BEGIN Given information

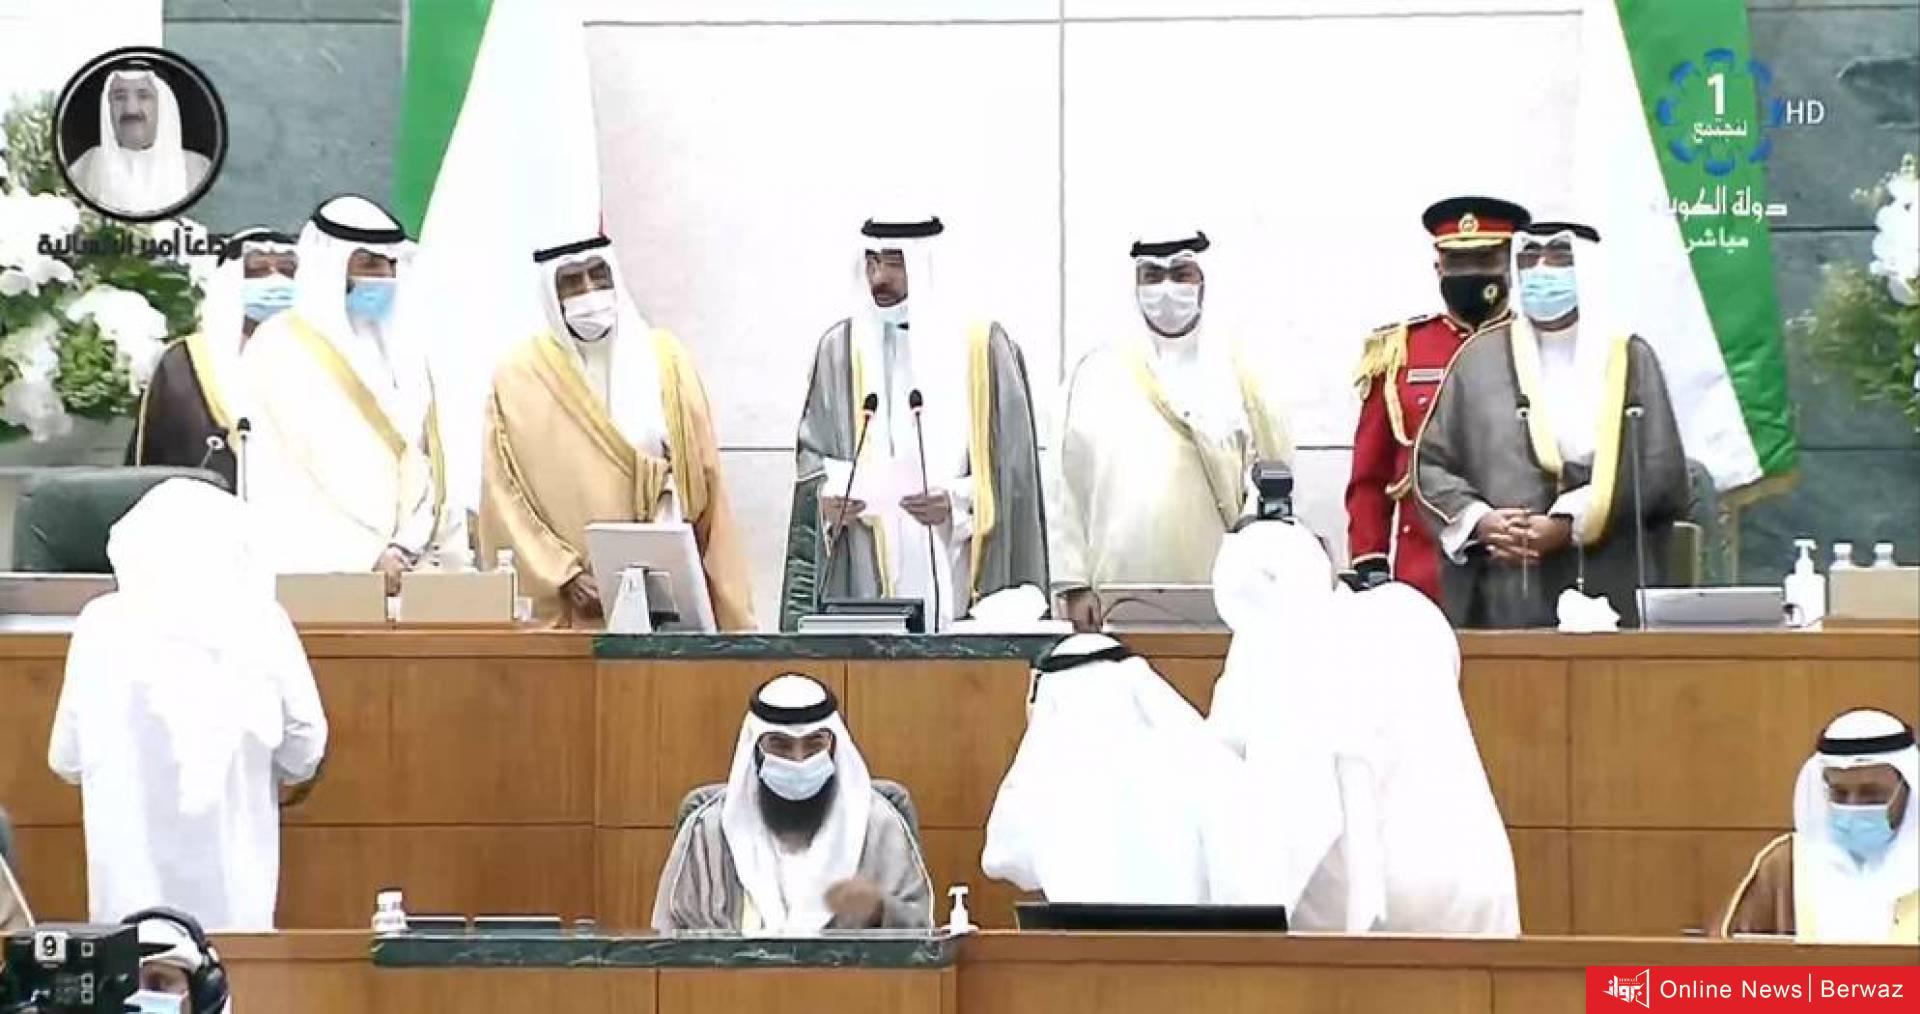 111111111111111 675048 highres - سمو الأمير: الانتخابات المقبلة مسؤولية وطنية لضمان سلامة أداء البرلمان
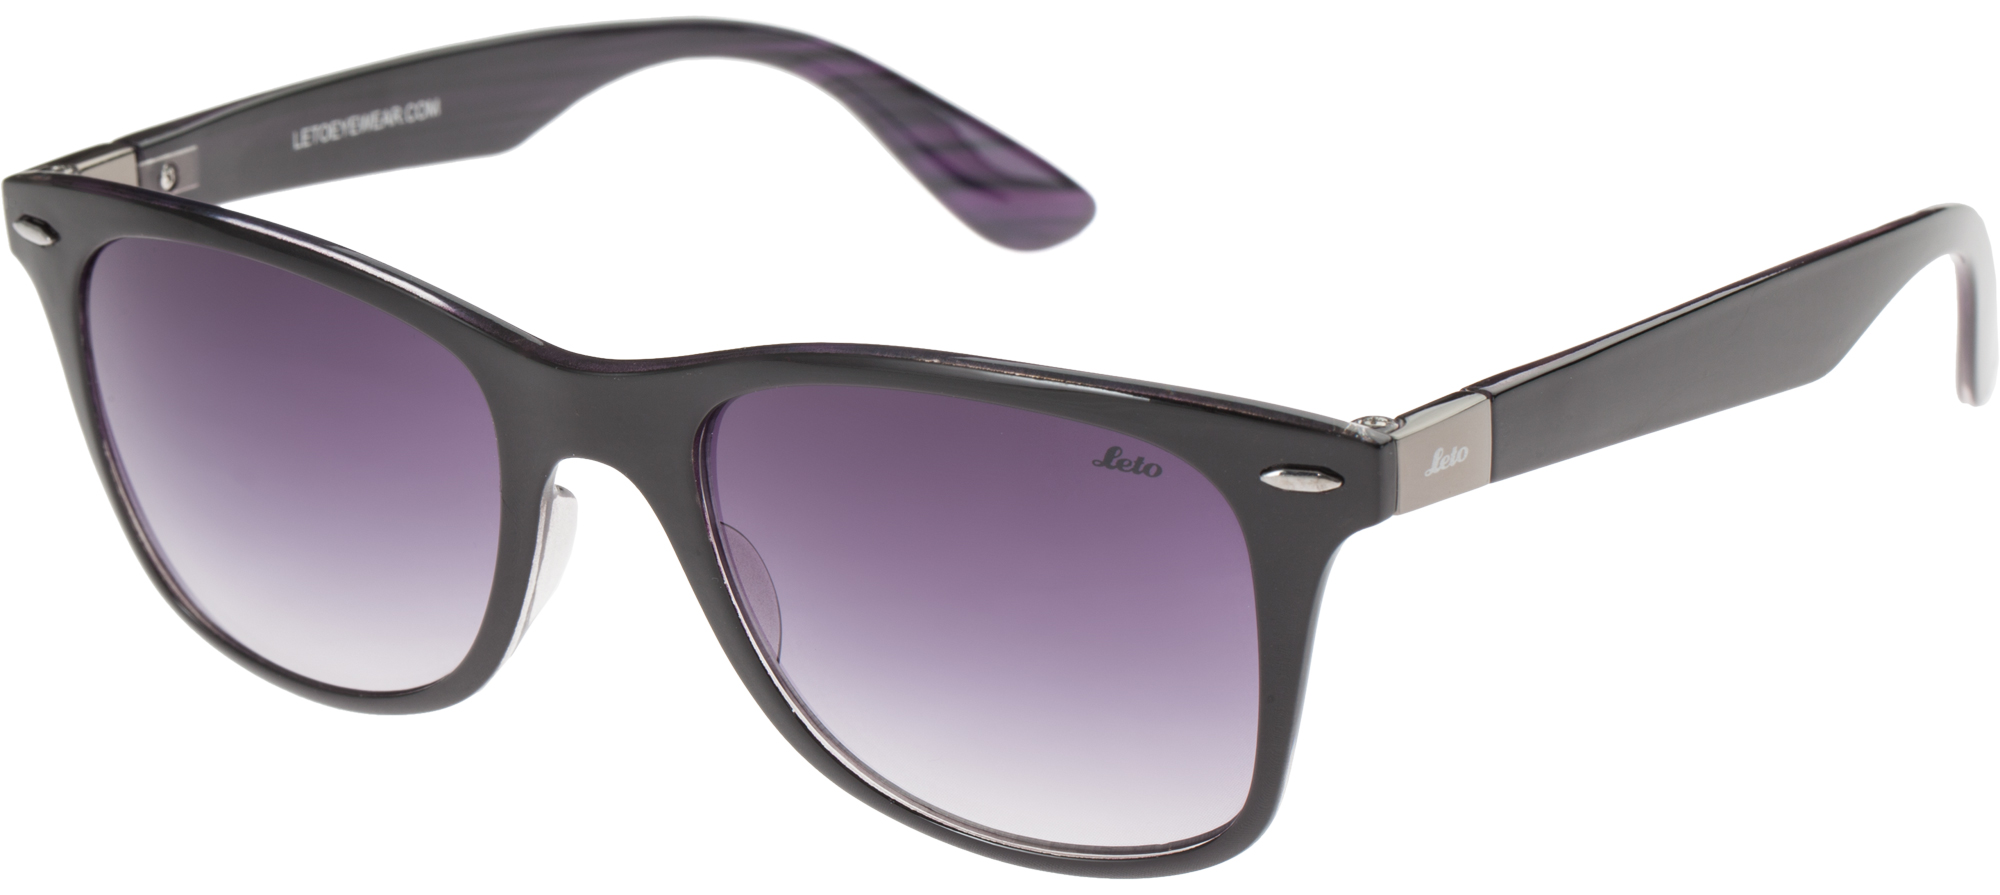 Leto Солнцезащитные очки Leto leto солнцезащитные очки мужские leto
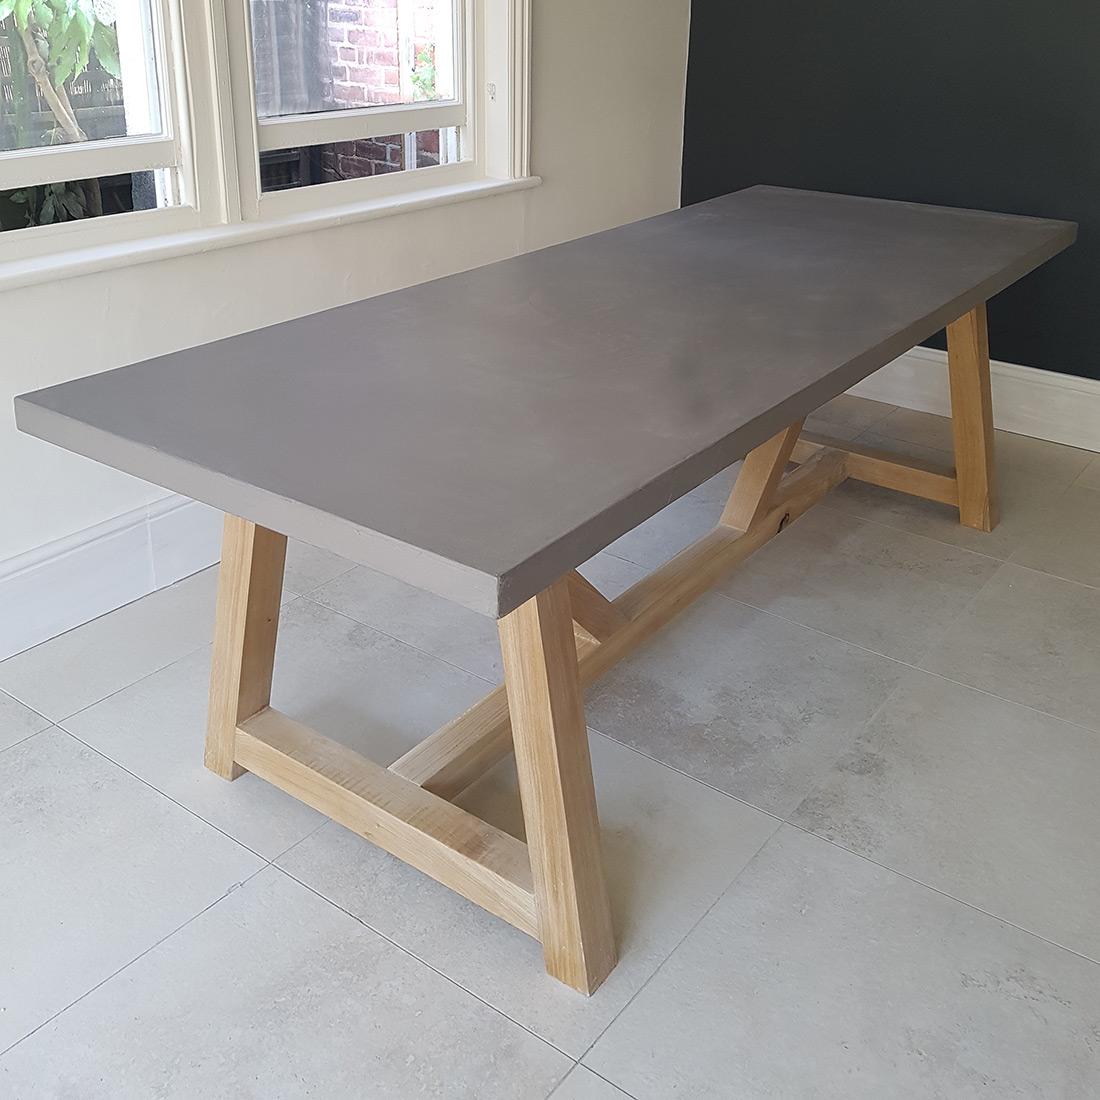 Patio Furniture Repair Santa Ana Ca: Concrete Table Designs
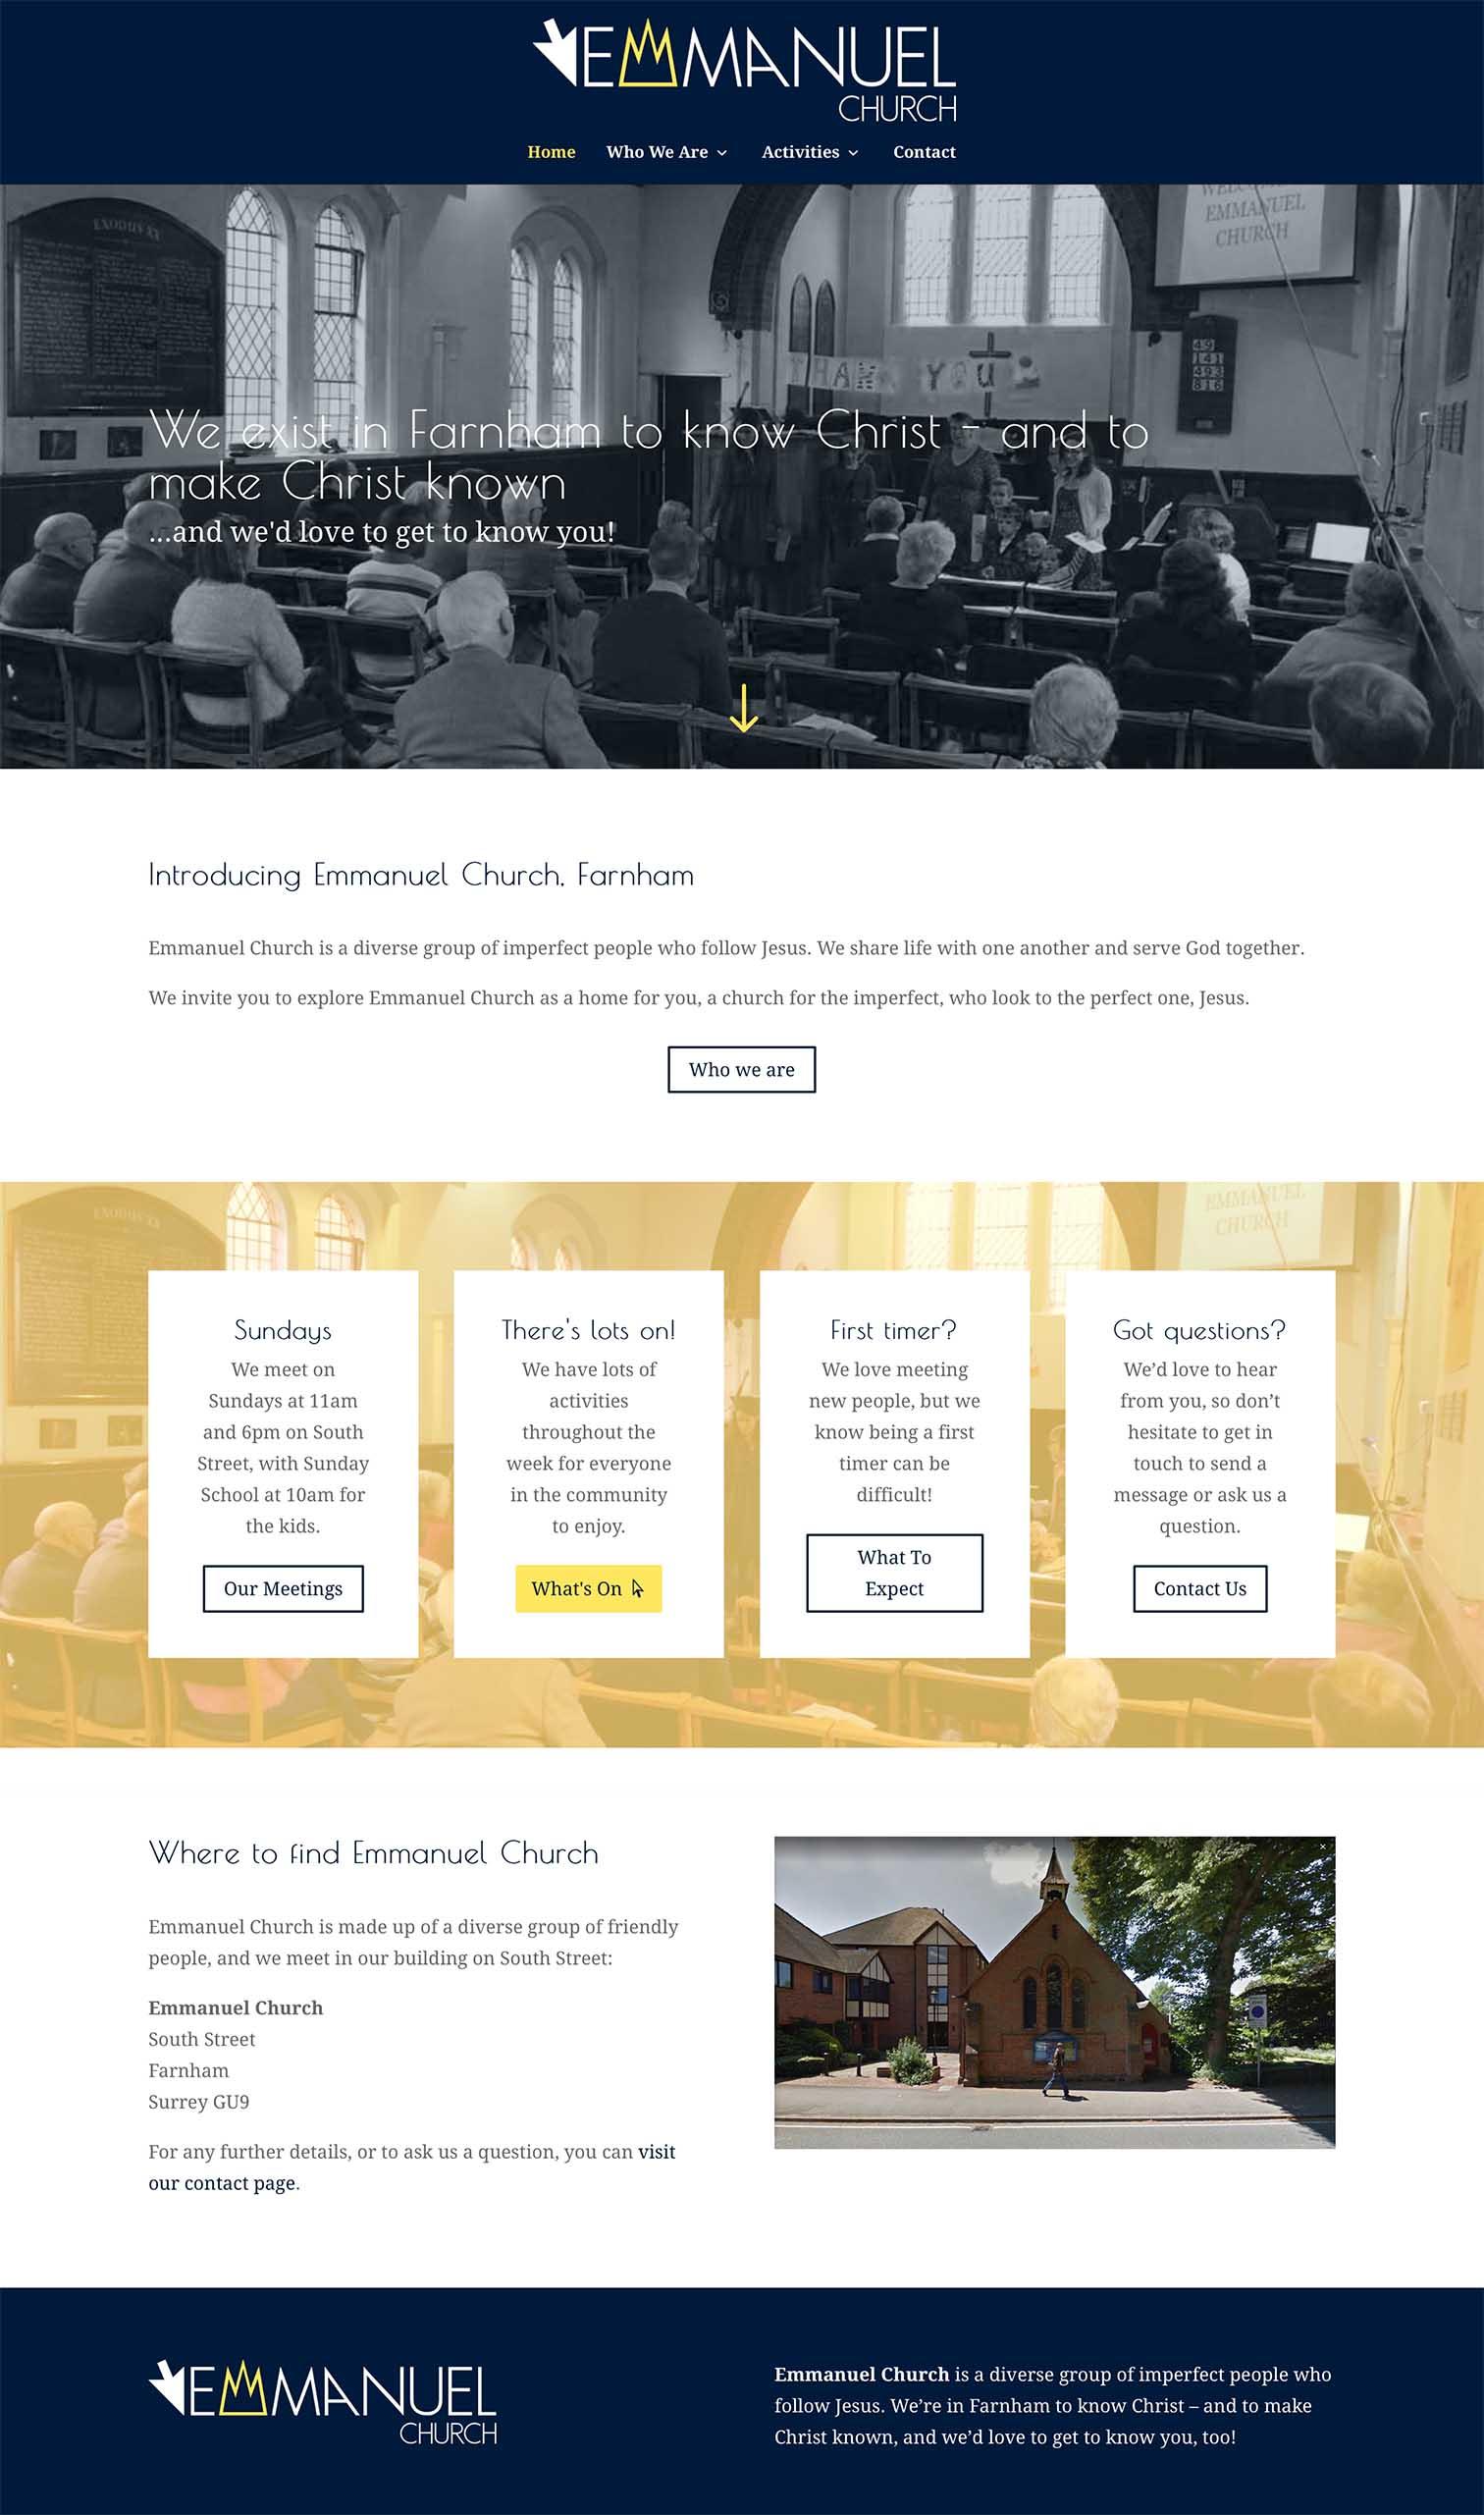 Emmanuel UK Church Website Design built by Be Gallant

END Given information

Task to complete: Since the pictures are not wanted, give the material again exactly without them.

Answer space:
 111111111111111 675048 highres - سمو الأمير: الانتخابات المقبلة مسؤولية وطنية لضمان سلامة أداء البرلمان
 Leto Солнцезащитные очки Leto leto солнцезащитные очки мужские leto
 Patio Furniture Repair Santa Ana Ca: Concrete Table Designs
 Emmanuel UK Church Website Design built by Be Gallant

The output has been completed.